Large Vision Language Models (LVLMs) have demonstrated significant advancements across various challenging multi-modal tasks over the past few years. Their ability to interpret visual information in figures, known as visual perception, relied on visual encoders and multimodal training. Even with these advancements, visual perception errors still cause many mistakes in LVLMs and impact their ability to understand image details needed for tasks.
Recent popular datasets for evaluating LVLMs, such as MMMU and MathVista, dont focus on visual perception and target tasks that require expert-level reasoning and knowledge. In addition, performance on these datasets is affected by several capabilities, and because visual perception is difficult to evaluate directly, it is difficult to assess performance. Most benchmarks on multimodal reasoning in scientific figures are usually restricted to application domains that demand expert knowledge and neglect visual perception. General visual perception datasets target tasks like OCR, depth estimation, and counting but lack fine-grained detail due to the challenge of designing specific questions. While some datasets are designed to evaluate the visual perception of LVLMs, they often target less fine-grained visual information, such as scene understanding.

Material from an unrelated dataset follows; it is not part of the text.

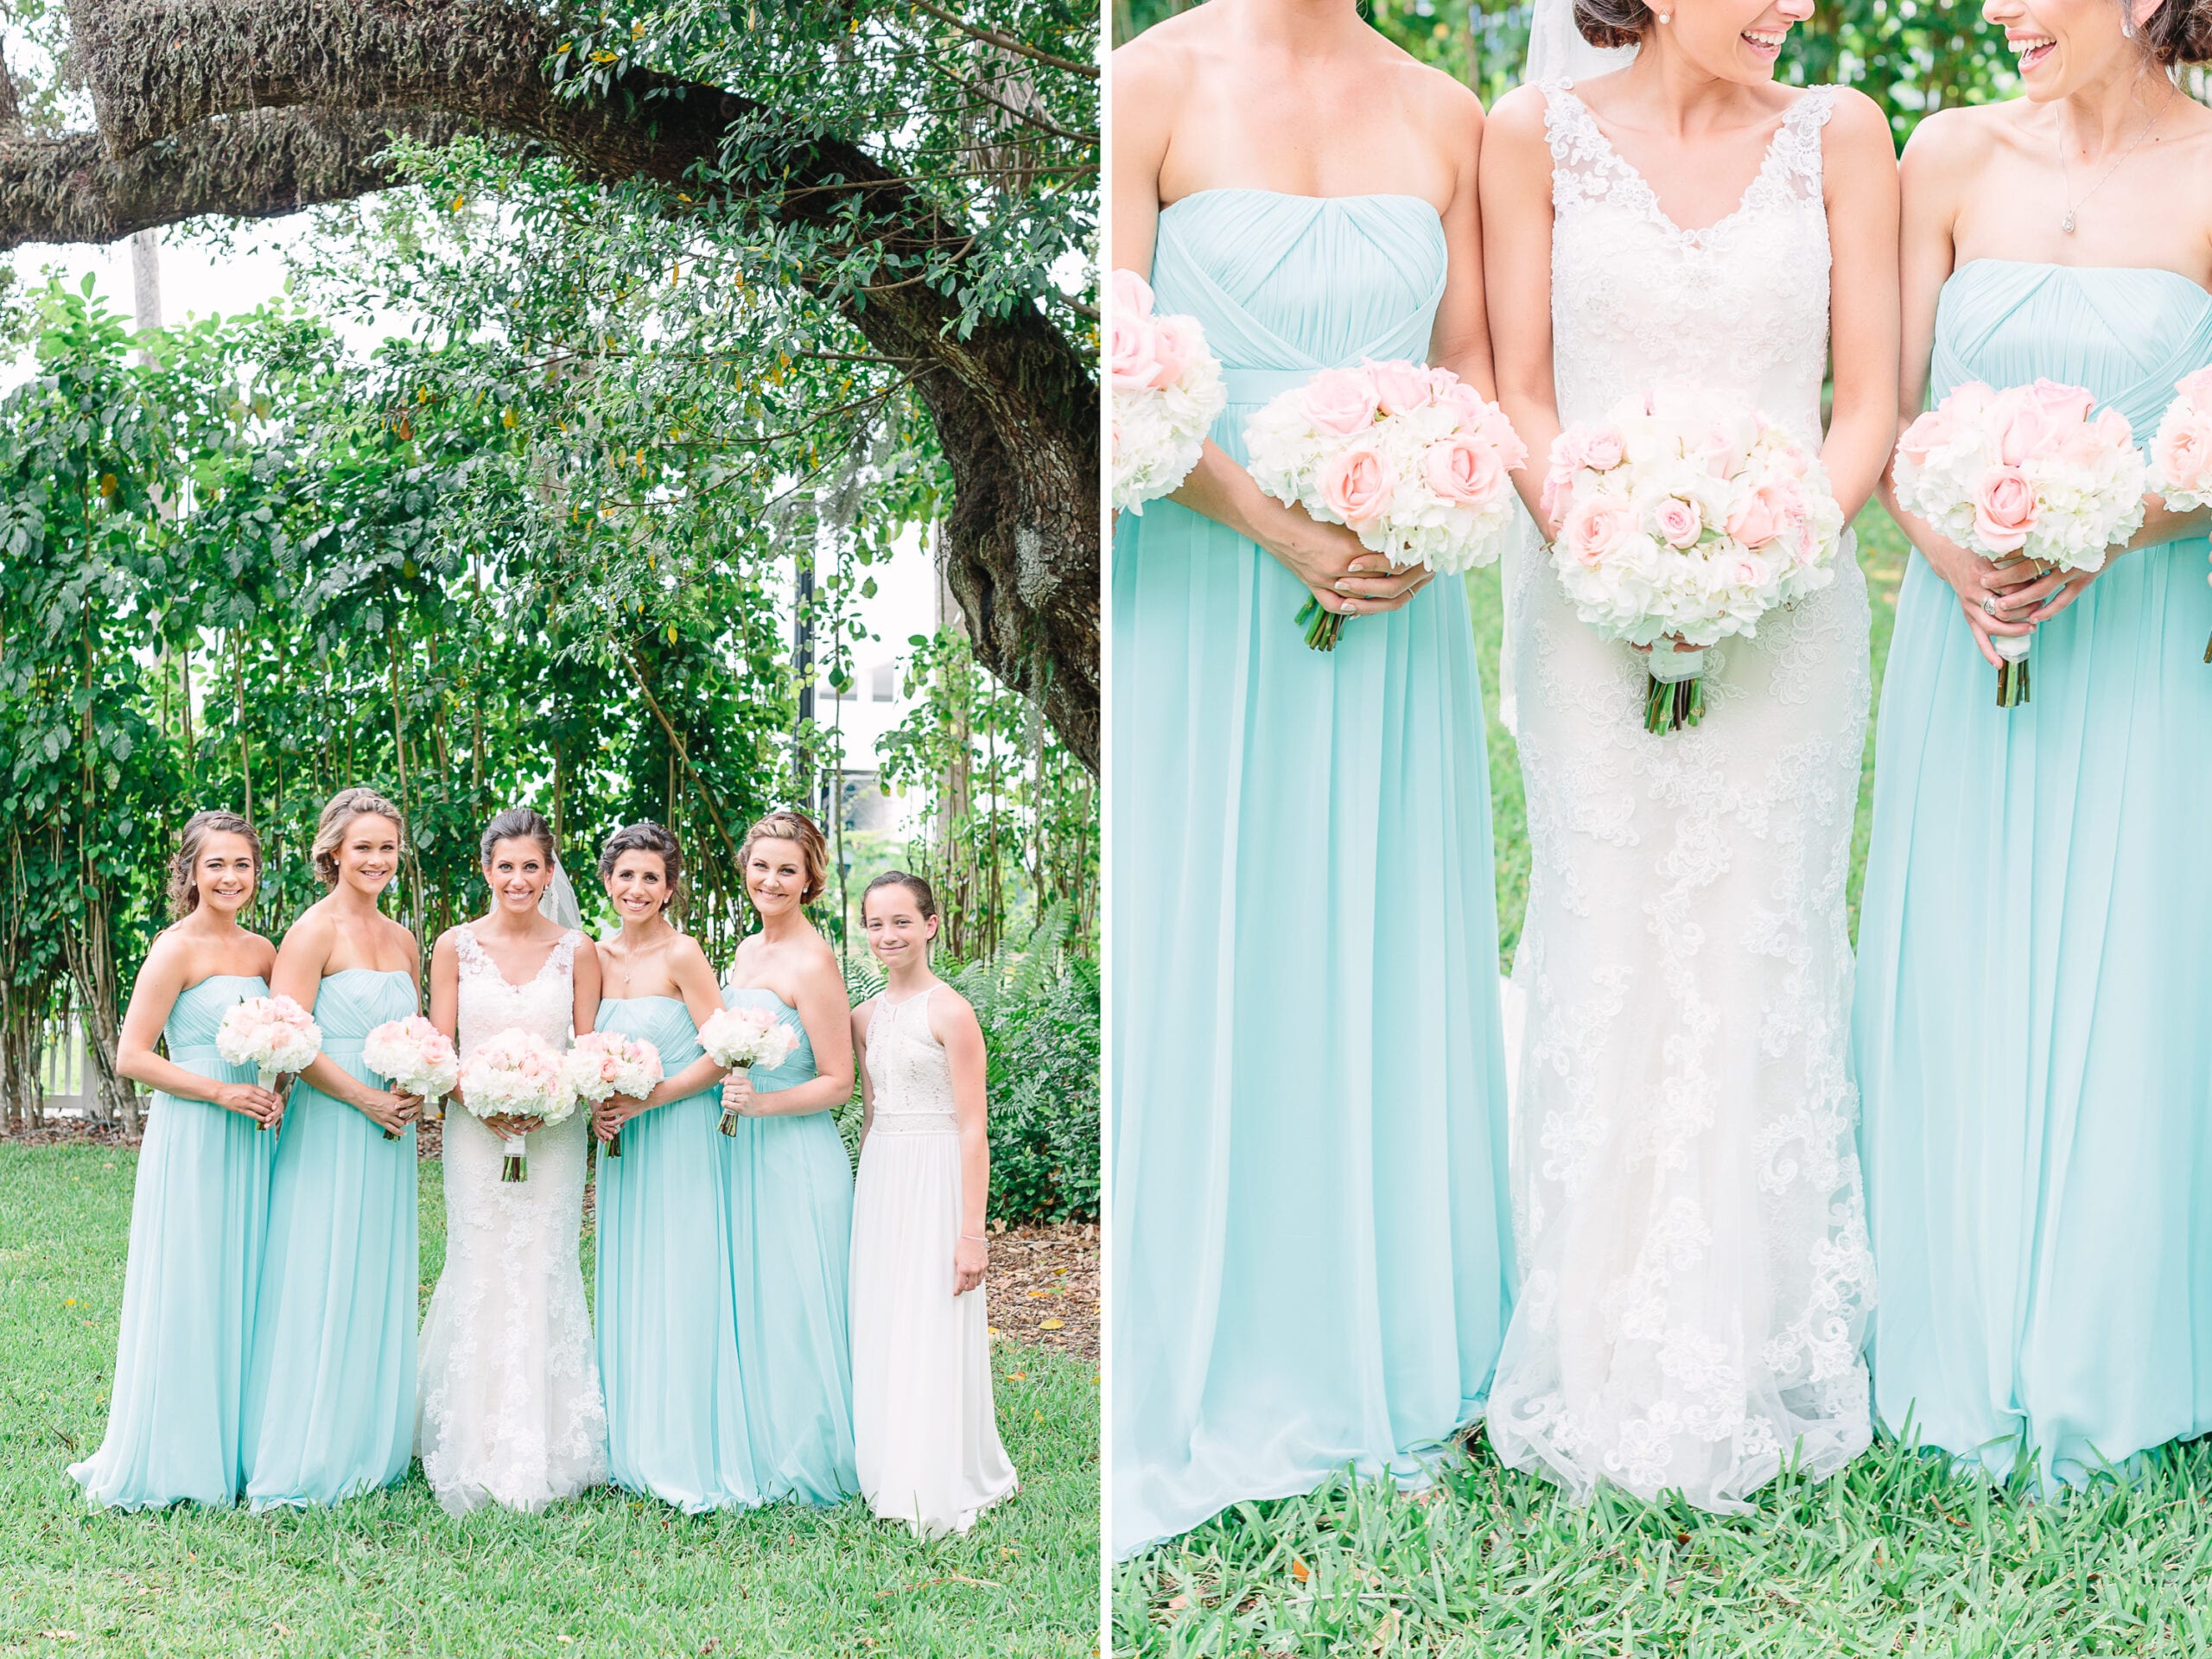 Dominic & Julia's Wedding | Lauren Myers Photography

To solve this, a group of researchers from Penn State University proposed VisOnlyQA, a new dataset designed to directly evaluate the visual perception capabilities of LVLMs on questions about geometric and numerical information in scientific figures. Bridging the gap, VisOnlyQA focused on fine-grain visual details and objective assessment of LVLMs’ visual perception capability to build new limitations on prior datasets and generated synthetic figures from scripts, including diversity and precision. Questions were manually annotated or generated automatically using metadata and templates, avoiding the need for reasoning or domain knowledge. The dataset had three splits: Eval-Real, Eval-Synthetic, and Train, with balanced labels and high annotation quality confirmed by human performance (93.5% to 95% accuracy).

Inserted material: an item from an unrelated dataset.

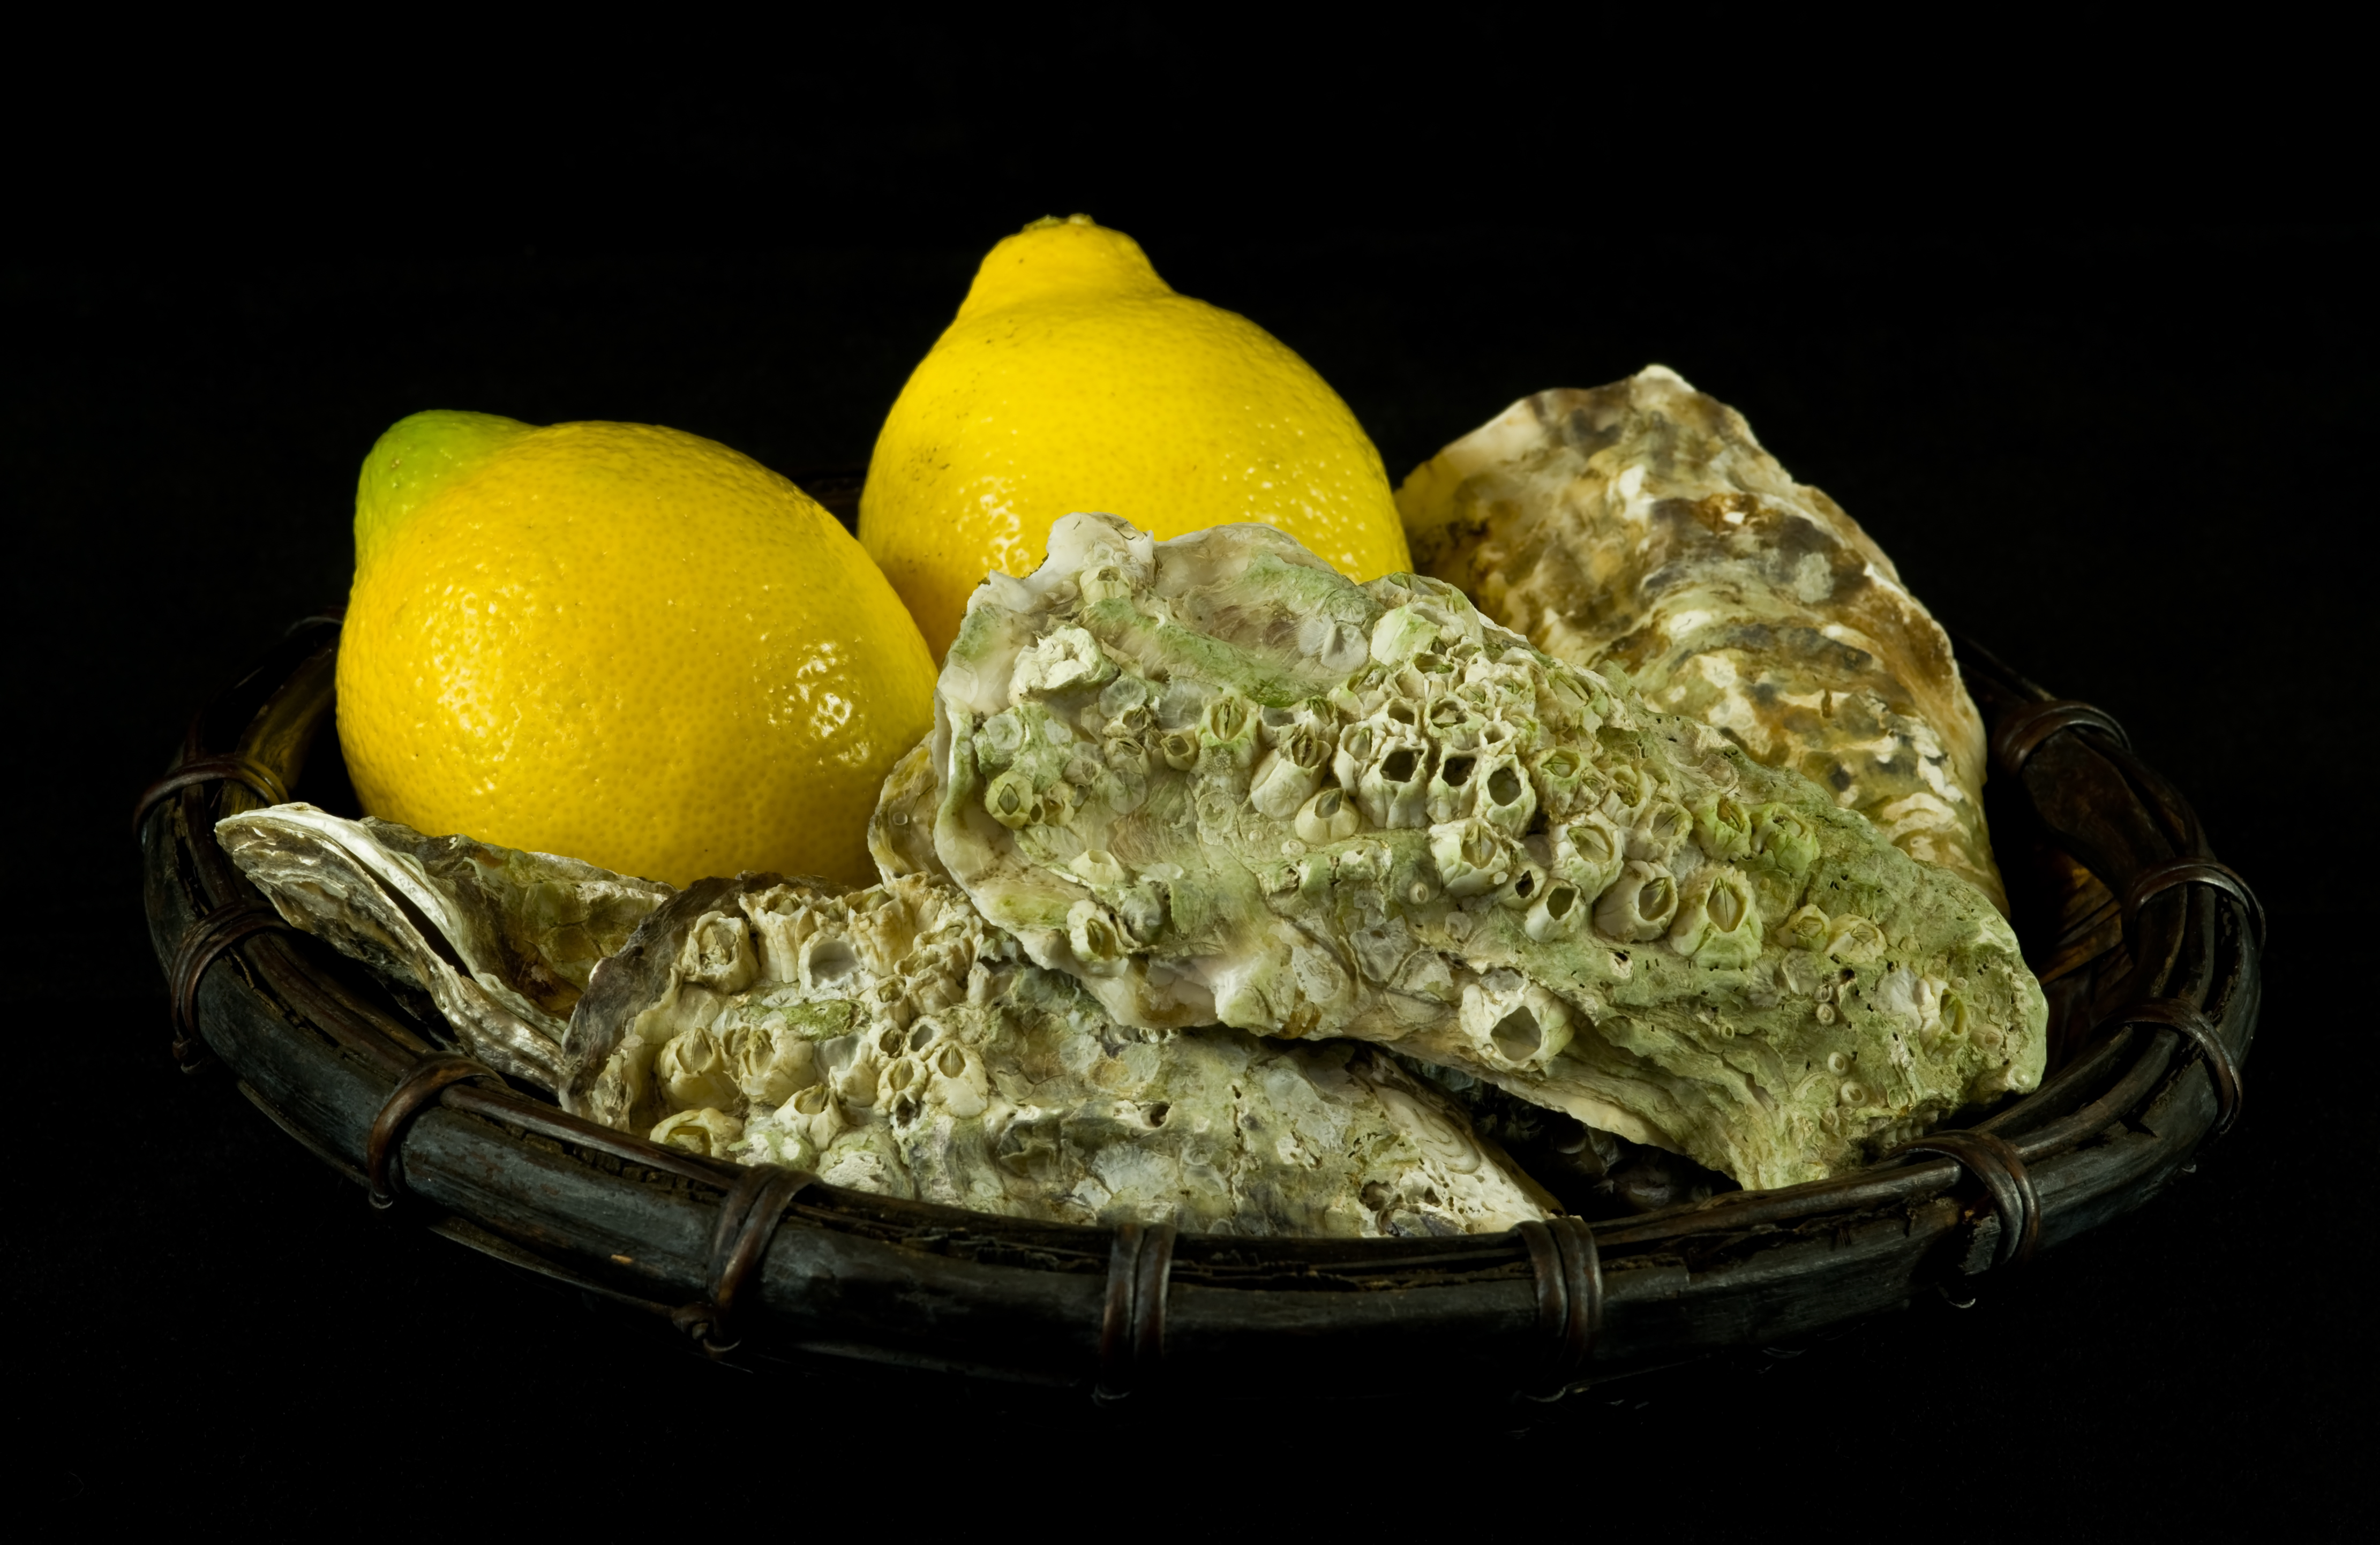 Oysters lemons basket

The study evaluates the performance of 20 open-source and proprietary LVLMs on the VisOnlyQA dataset, focusing on their visual perception capabilities. The models were assessed on geometry, chemistry, and chart analysis tasks, with and without chain-of-thought reasoning. Results showed that the models performed significantly worse than humans, with average accuracies around 54.2% for the real-world dataset and 42.4% for synthetic data, far below human performance (93.5% and 95.0%, respectively).
Despite the large model sizes, such as Phi-3.5-Vision and LLaVA-Next, many of the models performed near-randomly on tasks like Geometry-Triangle and Charts Intersection, indicating that current LVLMs still struggle with visual perception tasks involving geometric and numerical information. The analysis also showed that chain-of-thought reasoning did not consistently improve performance and, in some cases, even worsened it, further emphasizing that VisOnlyQA directly evaluates visual perception rather than requiring reasoning. Error analysis revealed that most mistakes were related to visual perception, supporting the dataset’s ability to assess this capability.

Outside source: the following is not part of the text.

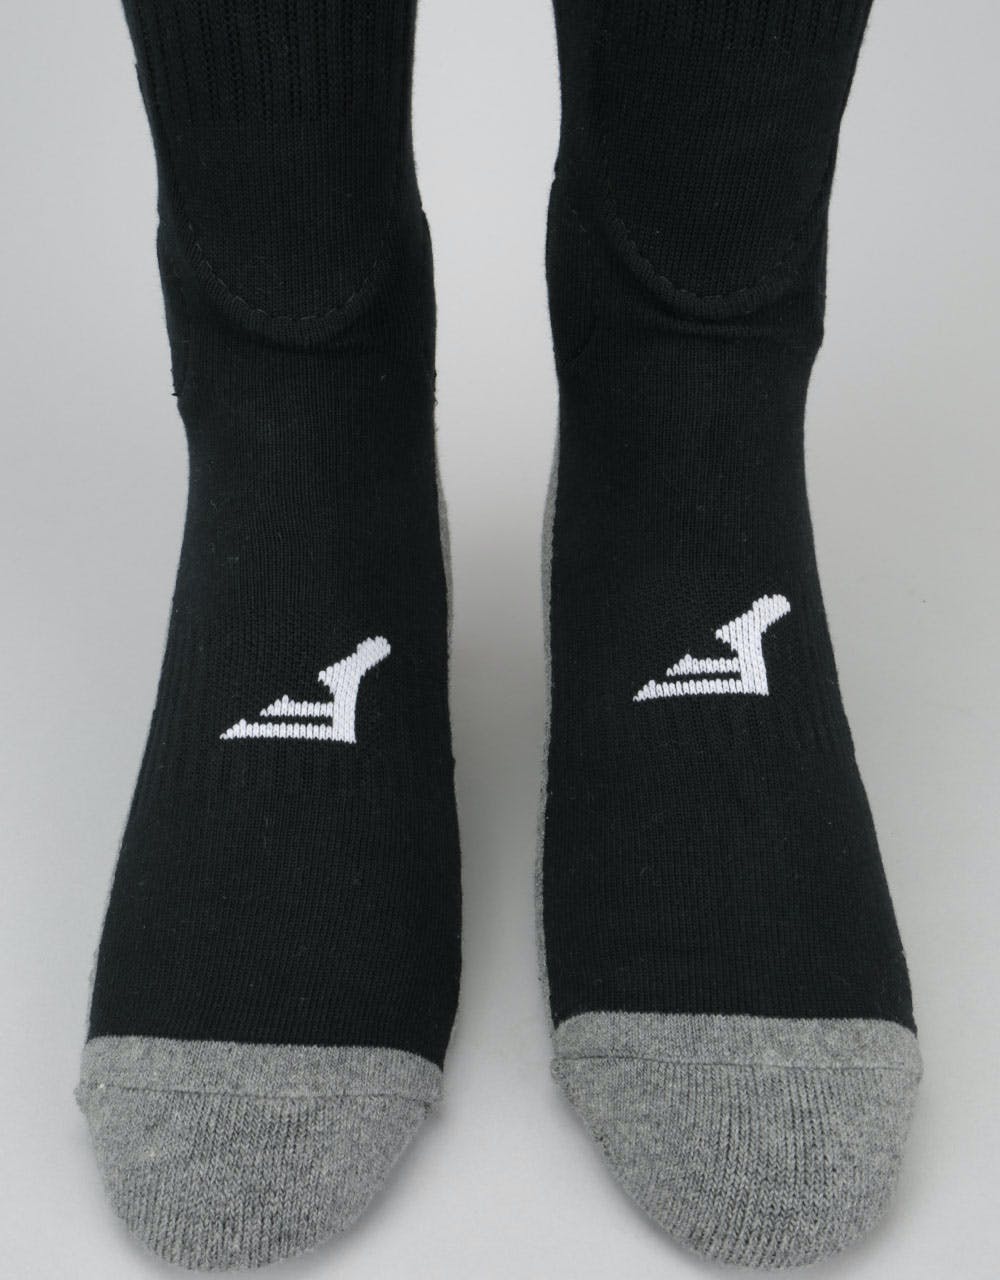 Footprint Painkiller High Socks

In conclusion, the proposed VisOnlyQA was introduced as a dataset to assess the visual perception abilities of LVLMs through questions on geometric and numerical details in scientific figures. This method revealed that LVLMs still lack strong visual perception capabilities. There is great scope in the future to improve training data and model architectures to enhance their visual perception. This method can open new ways in the field of LVLMs and can serve as a baseline for upcoming research!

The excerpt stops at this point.